ReaxFF potential files are very specific to a given type of system and thus you cannot just use any potential file for any application. Even if the file has entries for all the elements you need, it may not be usable, since many of the people that parameterize such potential files have a tendency to re-use old parameter files and just update those entries relevant to their work.
Thus, it is required that you first carefully study the published literature for a ReaxFF parameterization that is suitable for your specific application. The parameter files that are bundled with LAMMPS rarely are applicable and represent only a very small sample of the pool of available potential files and parameterizations.
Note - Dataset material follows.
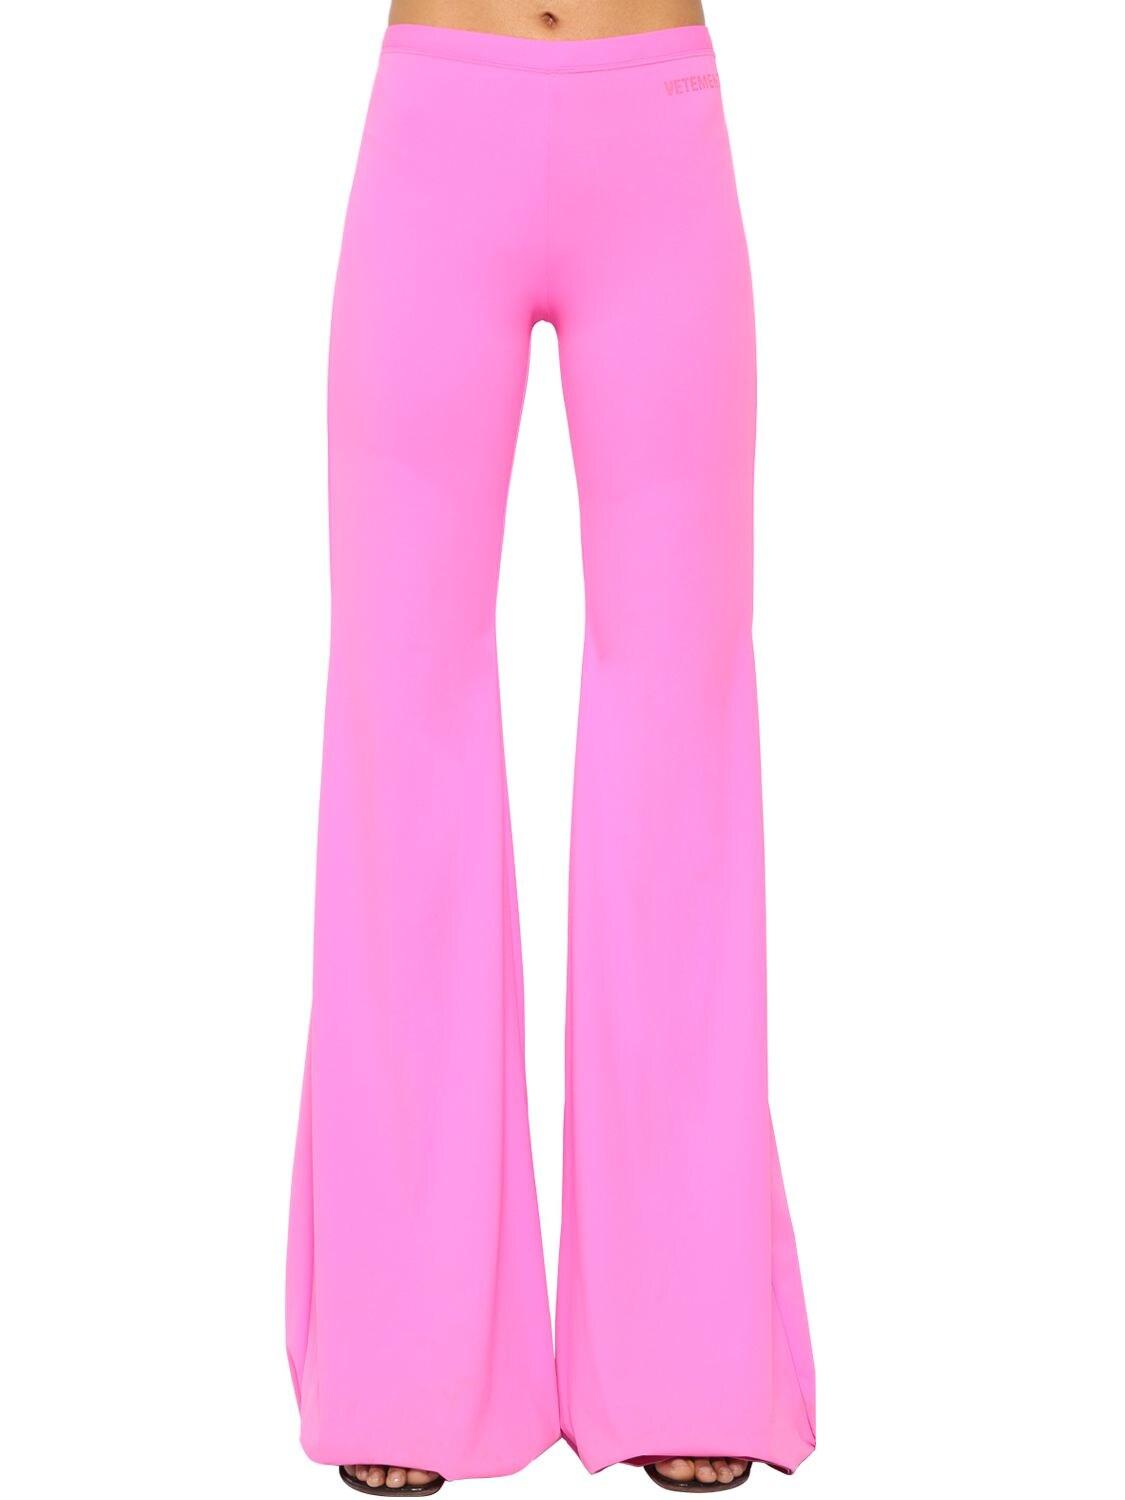 Vetements Synthetic Flared Lycra Pants in Hot Pink (Pink) - Lyst

Really appreciate for your help! In each ffield.reax.label file, I have found the relevant literature about the force field. In mannual, I have observed that the default ffield.reax(without label,such as ffield.reax.cho) can describe the interactions between C H O N. Thus, I have searched this file in the potential file. But I cannot found it. Maybe I misunderstand the mannual. Or this default ffield.reax has been deleted from the source files of LAMMPS.
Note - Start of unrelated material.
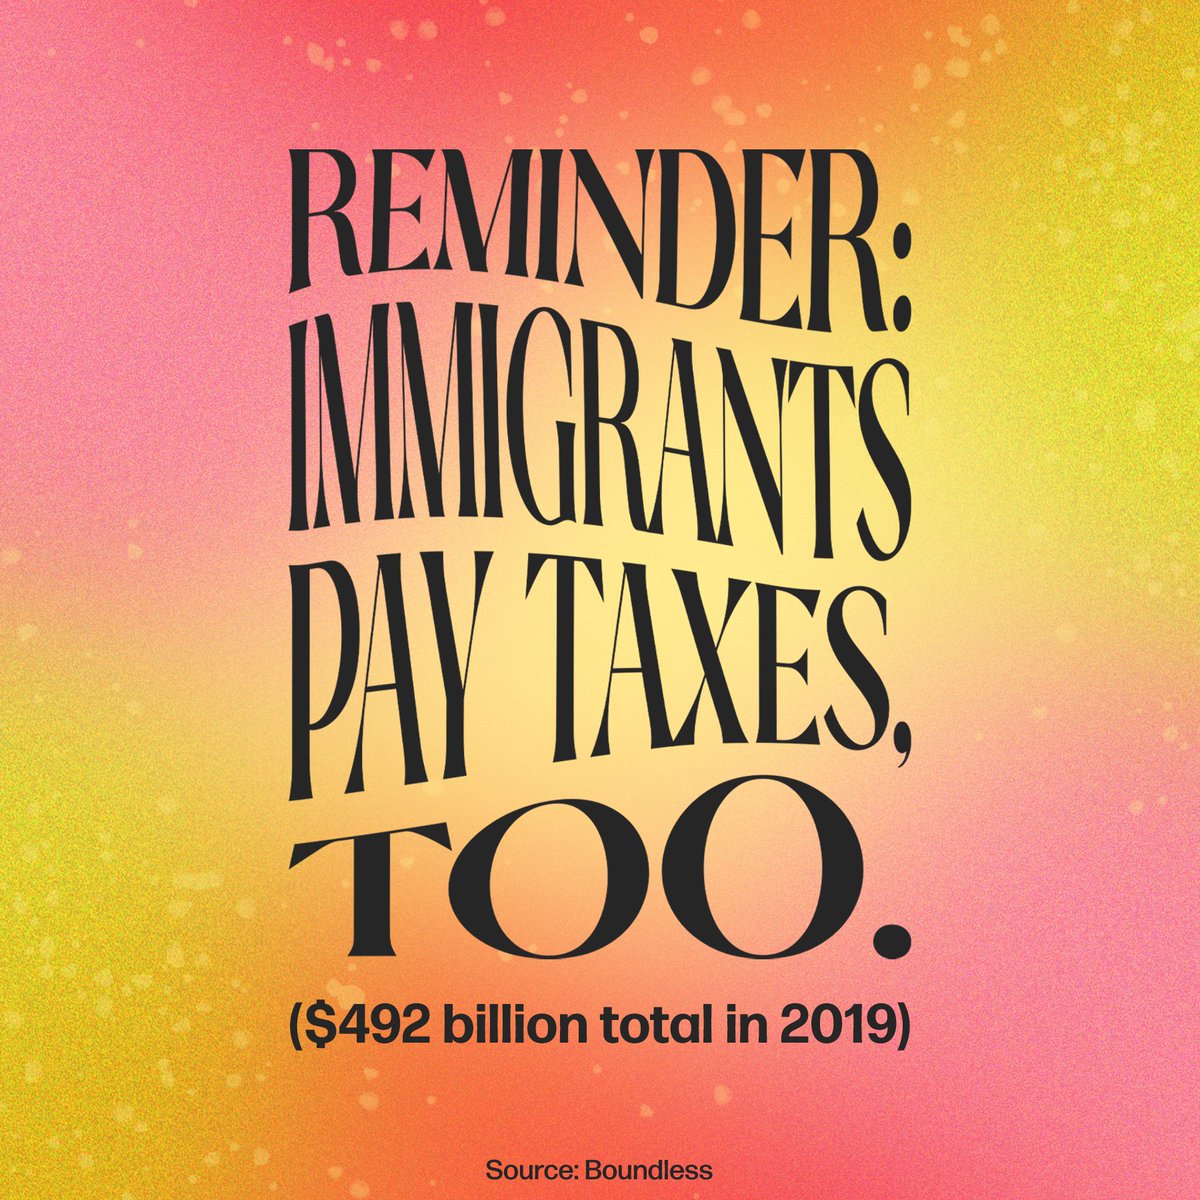 Reminder: undocumented immigrants contribute billions in taxes annually, supporting vital programs like Medicare and Social Security. Despite their contributions, they are denied access to services they help fund. We all must have access to the resources we need to thrive.

There is no “default” ReaxFF potential file and there never was. As already stated, parameterizations are defined by the publication describing it. So if you are referring to a specific parameterization, you have to name its publication.
LAMMPS provides several different versions of ffield.reax in its potentials dir, each called potentials/ffield.reax.label. These are documented in potentials/README.reax. The default ffield.reax contains parameterizations for the following elements: C, H, O, N.
This block of text seems to go back to the old, obsolete, Fortran based ReaxFF implementation in LAMMPS and the times when there were just a couple of parameterizations available (all for combustion reactions, if I remember correctly). I will remove/edit it, since it is misleading people into thinking that ReaxFF parameterizations can be treated as if they were using quantum mechanics.